Степан и Наташа в безнадежном молчании смотрели на охорашивавшуюся перед зеркалом барыню.
— Пошли! — махнув рукой на дверь, деловито бросил Досифей.
Соприкосновение Шелихова с жизнью и нравами столичного общества принесло, таким образом, печальный и неожиданный конец любви Натальи и Стеньки — людей простых и далеких от целей и действий открывателя Америки. Размолвка за державинским столом между Уитвортом и Ольгой Александровной имела некоторую связь и с другими, более значительными событиями. Эта размолвка совпала во времени с поворотом зигзагообразной высокой политики императрицы, отразившейся в конечном итоге и на дальнейших судьбах всего шелиховского предприятия.

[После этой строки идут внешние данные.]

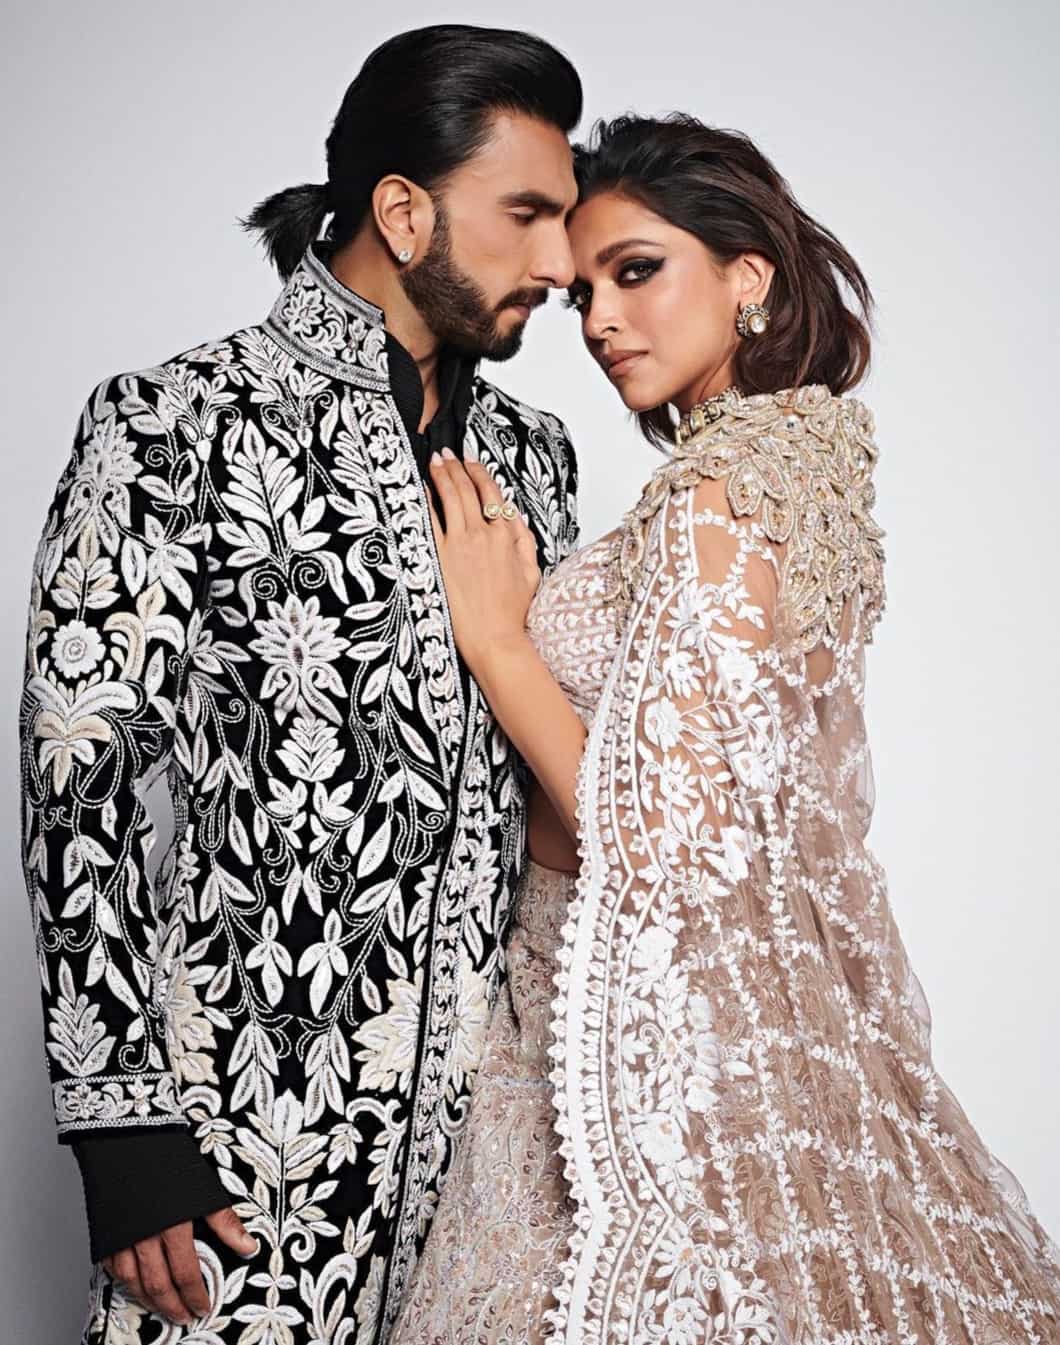 At the show, Deepika Padukone and Ranveer Singh captivated everyone's attention

Разрыв связи английского посла с Ольгой Александровной, умело и незаметно внушавшей своему брату-фавориту все те же мысли и желания, которые Питт-младший передавал через Уитворта, Екатерина использовала по-своему — она охладела в своих дружеских чувствах к Англии. Для Питта это тем более было досадно, что английская политика, душившая континентальную промышленность и торговлю под предлогом борьбы с французской революцией, все больше стала вызывать сопротивление России. При такой обстановке Екатерина отказалась в конце концов от намерения послать русских солдат в Париж на обуздание гидры революции. Ход дел сложился вскоре совсем не так, как хотелось бы Англии, — не только было снято запрещение на ввоз в Россию французских товаров, но и сборы за вывозимые в Англию хлеб, пеньку и сало оказались повышенными.
Глава четвертая
1Встретив Григория Ивановича, Аристарх увидел, что с полюбившимся ему и всей державинской дворне человеком случилось что-то неладное. Позванные люди бережно провели морехода в дом, на пороге которого их уже ждал обеспокоенный Гаврила Романович, незадолго перед тем вернувшийся из сената.
— Бережливо… эй, вы, бережнее ведите! — покрикивал Гаврила Романович, теряясь в догадках по поводу неприятной оказии. Не вышло ли чего худого — унеси моя печали! — между Григорием и Платоном Александровичем, от этого враз дождешься…
— Сердце схватило… жжет — мочи нет, — проговорил Шелихов, заметив наконец перед собой встревоженное лицо Гаврилы Романовича.
— Заложить мои сани!.. Ты, Аристарх, сам езжай за господином Роджерсоном, проси моим именем срочно пожаловать… Ан нет, пошли кого потолковее, я письмо передам, а ты проберись в зубовский вертеп и разведай досконально, что там приключилось, и ко мне… Живо!
Часа через два в дом Державина прибыл популярный в высшем свете собственный ее величества лейб-медик сэр Реджинальд Роджерсон. Дородный медлительный англичанин заслуженно пользовался славой искусного лекаря, несмотря на то, что щепетильно избегал шарлатанских приемов и поражающих воображение лекарств медицинской науки своего времени.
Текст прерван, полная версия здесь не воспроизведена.